Occupations, SQL HackerRank challenge explained

Lately I’ve been trying to improve my SQL skills on HackerRank.

This problem gave me a bit of a fight and I had to recapitulate a lot of old concepts. Therefore, decided to create this detailed solution to the problem.

Note: This SQL solution is valid for MS SQL Server.

Problem statement:

Pivot the Occupation column in OCCUPATIONS so that each Name is sorted alphabetically and displayed underneath its corresponding Occupation. The output column headers should be Doctor, Professor, Singer, and Actor, respectively.

Note: Print NULL when there are no more names corresponding to an occupation.

Input Format

The OCCUPATIONS table is described as follows:

Occupations Table

Occupation will only contain one of the following values: Doctor, Professor, Singer or Actor.

Sample Input

Sample Input

Sample Output

Jenny    Ashley     Meera  Jane
Samantha Christeen  Priya  Julia
NULL     Ketty      NULL   Maria

Explanation

The first column is an alphabetically ordered list of Doctor names. The second column is an alphabetically ordered list of Professor names. The third column is an alphabetically ordered list of Singer names. The fourth column is an alphabetically ordered list of Actor names. The empty cell data for columns with less than the maximum number of names per occupation (in this case, the Professor and Actor columns) are filled with NULL values.

Explained solution:

I decided to start from the pivot table.

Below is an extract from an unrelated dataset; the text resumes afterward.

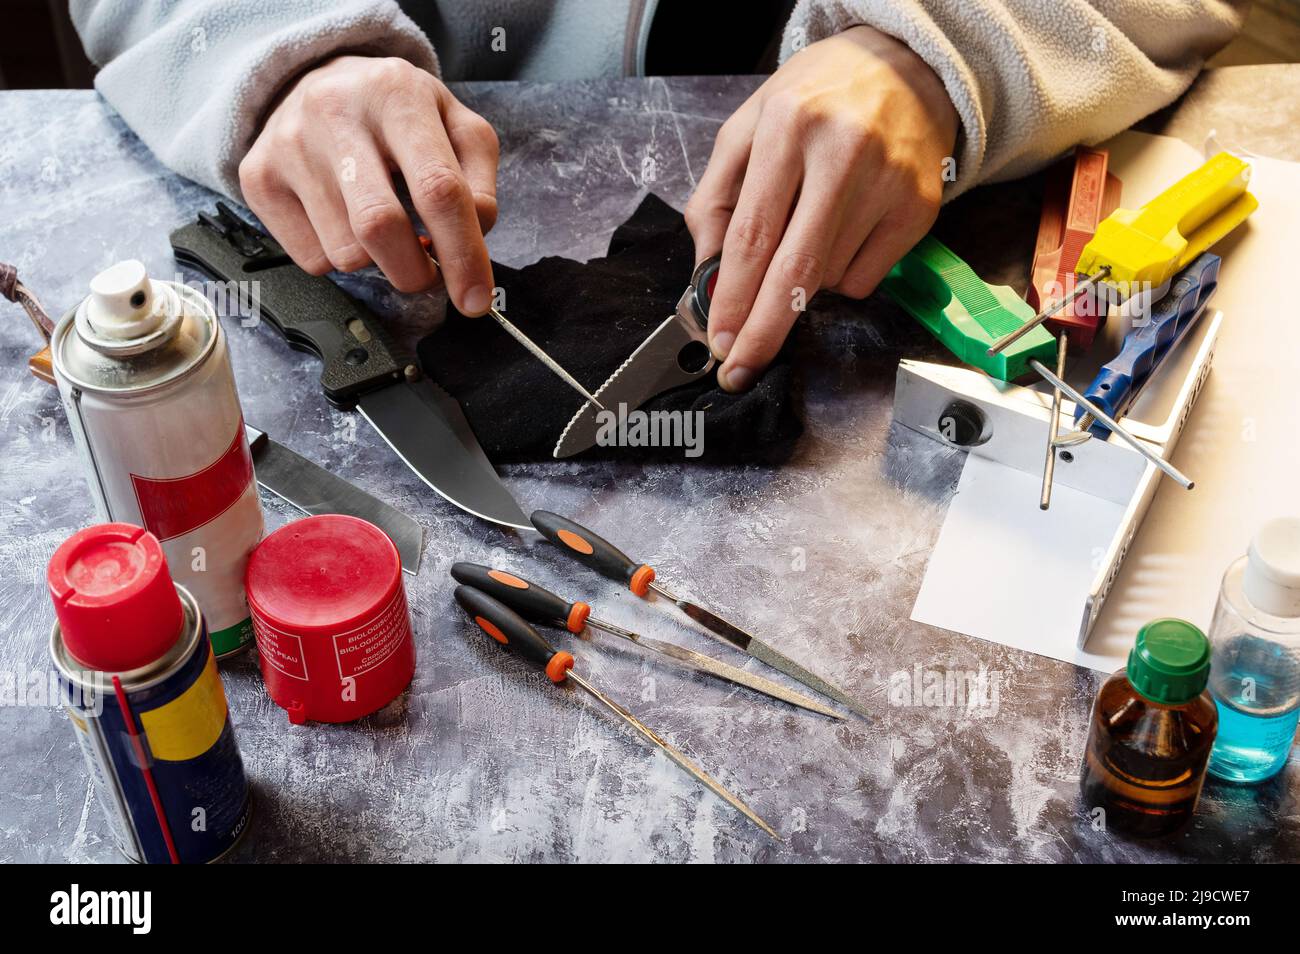 Sharpen the serrated knife. Sharpen a knife with a saw. Tool in hand. Oil, grindstones and tools on the table. Stock Photo

If you are familiar with Excel pivot tables, then SQL Pivot functionality will sound familiar in concept. You can familiarize with the syntax and learn more about it here.

We start with a simple example:

SELECT *        -- Columns to 'show'
FROM Occupations 
PIVOT(
  COUNT(Occupation)   -- Values to pivot
  FOR Occupation 
  IN ([Doctor], [Professor], [Singer], [Actor]) 
  ) -- Values to count when occupation is IN (equal to) one of these 
  as OccupationsBool;

The result is a boolean mask (a matrix of zeros and ones) with ones for the profession names and zero otherwise as seen in the following table:

Name Doctor Professor Singer Actor
Ashley 0 1 0 0
Christeen 0 1 0 0
Jane 0 0 0 1
Jenny 1 0 0 0
Julia 0 0 0 1
Ketty 0 1 0 0
Maria 0 0 0 1
Meera 0 0 1 0
Priya 0 0 1 0
Samantha 1 0 0 0

The next step is to substitute the ones by the Name values.

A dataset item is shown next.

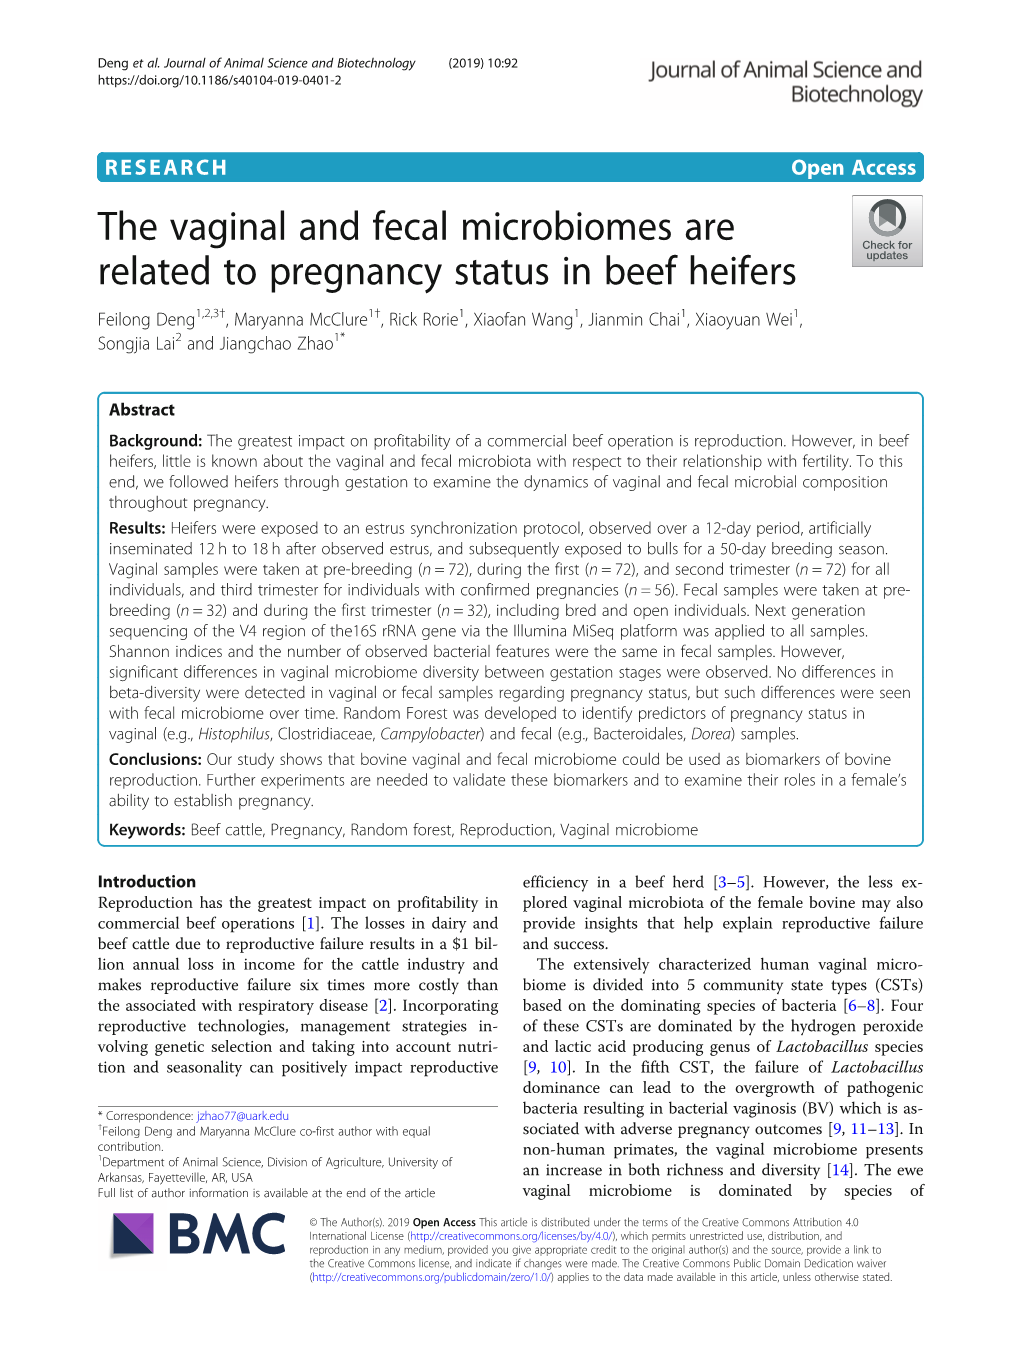 The Vaginal and Fecal Microbiomes Are Related to Pregnancy Status In

To simplify, we can set aside this first query and create a new separated one. We will come back to it later.

Our objective now is to create a query which separates our names (professions) in groups but without aggregating them into a COUNT or MAX function. In other words, we want to group our professions in sections of rows. A good way is to use an OVER clause with the ROW_NUMBER function which acts like a window function for the clause values.

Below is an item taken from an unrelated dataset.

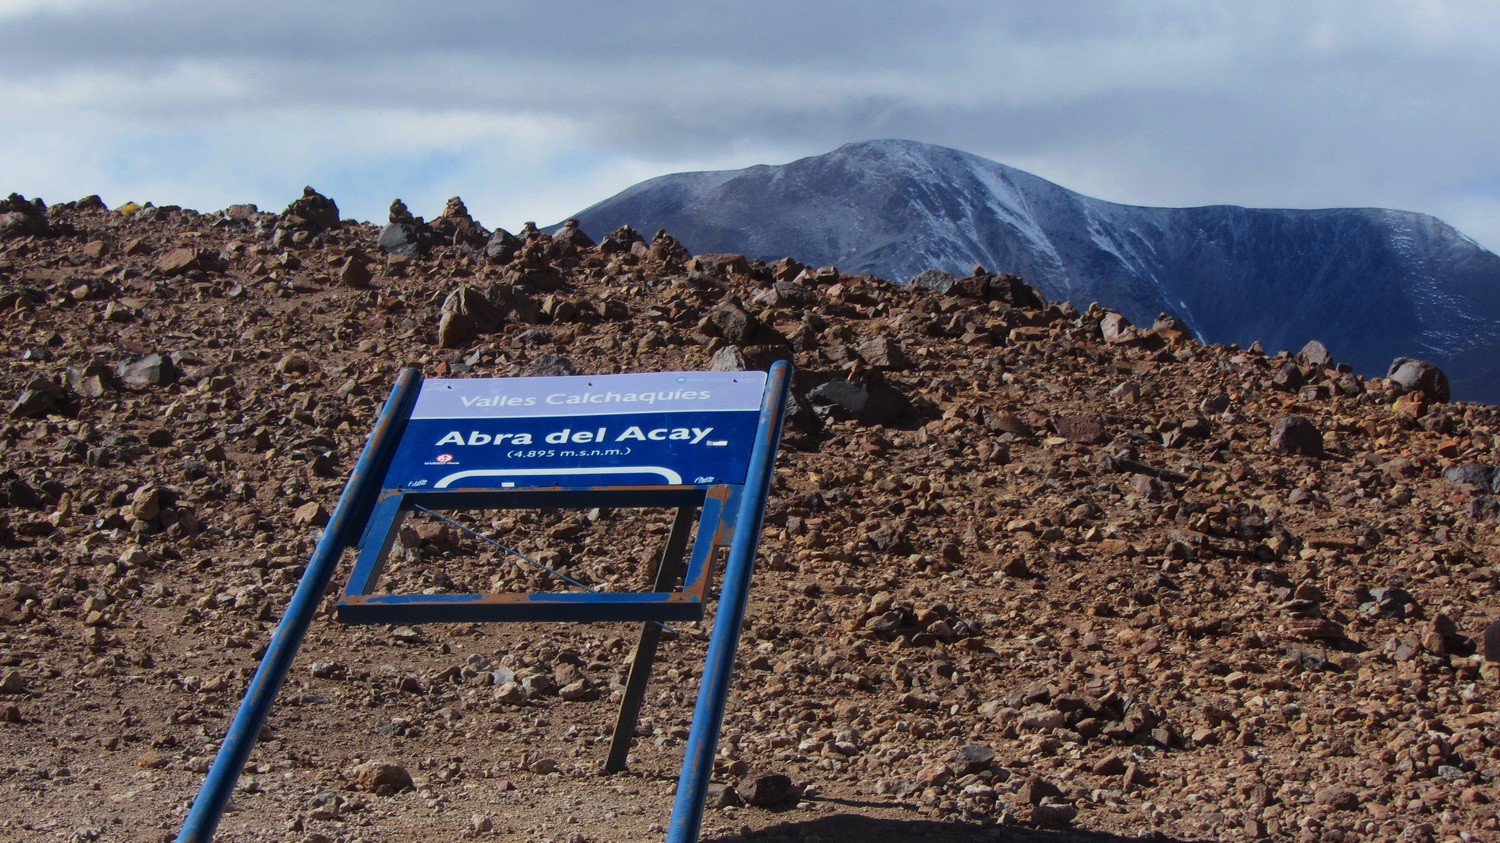 The highest point of the more than 5000 km long Ruta 40: Abra del Acay with 4895 meters sea-level

Note that we want the names alphabetically ordered and because of that, we add the ORDER BY clause like bellow:

SELECT Name, Occupation, 
       ROW_NUMBER() OVER (PARTITION BY Occupation ORDER BY Name ASC) as OccRowNumber
FROM Occupations;

And the query output:

Name Occupation OccRowNumber
Jane Actor 1
Julia Actor 2
Maria Actor 3
Jenny Doctor 1
Samantha Doctor 2
Ashley Professor 1
Christeen Professor 2
Ketty Professor 3
Meera Singer 1
Priya Singer 2

Merging the two queries we get:

SELECT *
FROM (
    SELECT Name, Occupation, ROW_NUMBER() OVER (PARTITION BY Occupation ORDER BY Name ASC
    ) as OccRowNumber
FROM Occupations) as occ_part
PIVOT(
  COUNT(Occupation) FOR Occupation IN ([Doctor], [Professor], [Singer], [Actor]) 
  ) as pvtable;

And the resulting table:

OccRowNumber Doctor Professor Singer Actor
1 1 1 1 1
2 1 1 1 1
3 0 1 0 1

If we look closely, the amount of ones in the occupation columns are the same as the number of times they appear in the previous query. It seems we are close, and the final query is just a few changes ahead.

We need to get rid of the OccRowNumber, and change the ones by the names. Instead of the COUNT in the pivot aggregation, we can use MIN or MAX functions, which in this case, since it would be evaluating only one value (one for each row) it will have the peculiarity of returning the string itself or NULL if there is nothing to evaluate.

The final query is therefore:

SELECT [Doctor], [Professor], [Singer], [Actor]
FROM (
    SELECT Name, Occupation, ROW_NUMBER() OVER (PARTITION BY Occupation ORDER BY Name ASC
    ) as OccRowNumber
FROM Occupations) as occ_part
PIVOT(
  MIN(Name) FOR Occupation IN ([Doctor], [Professor], [Singer], [Actor]) 
  ) as pvtable;

Which results in the expected output for the challenge.

You can also play with the queries and the sample data in this SQL Fiddle.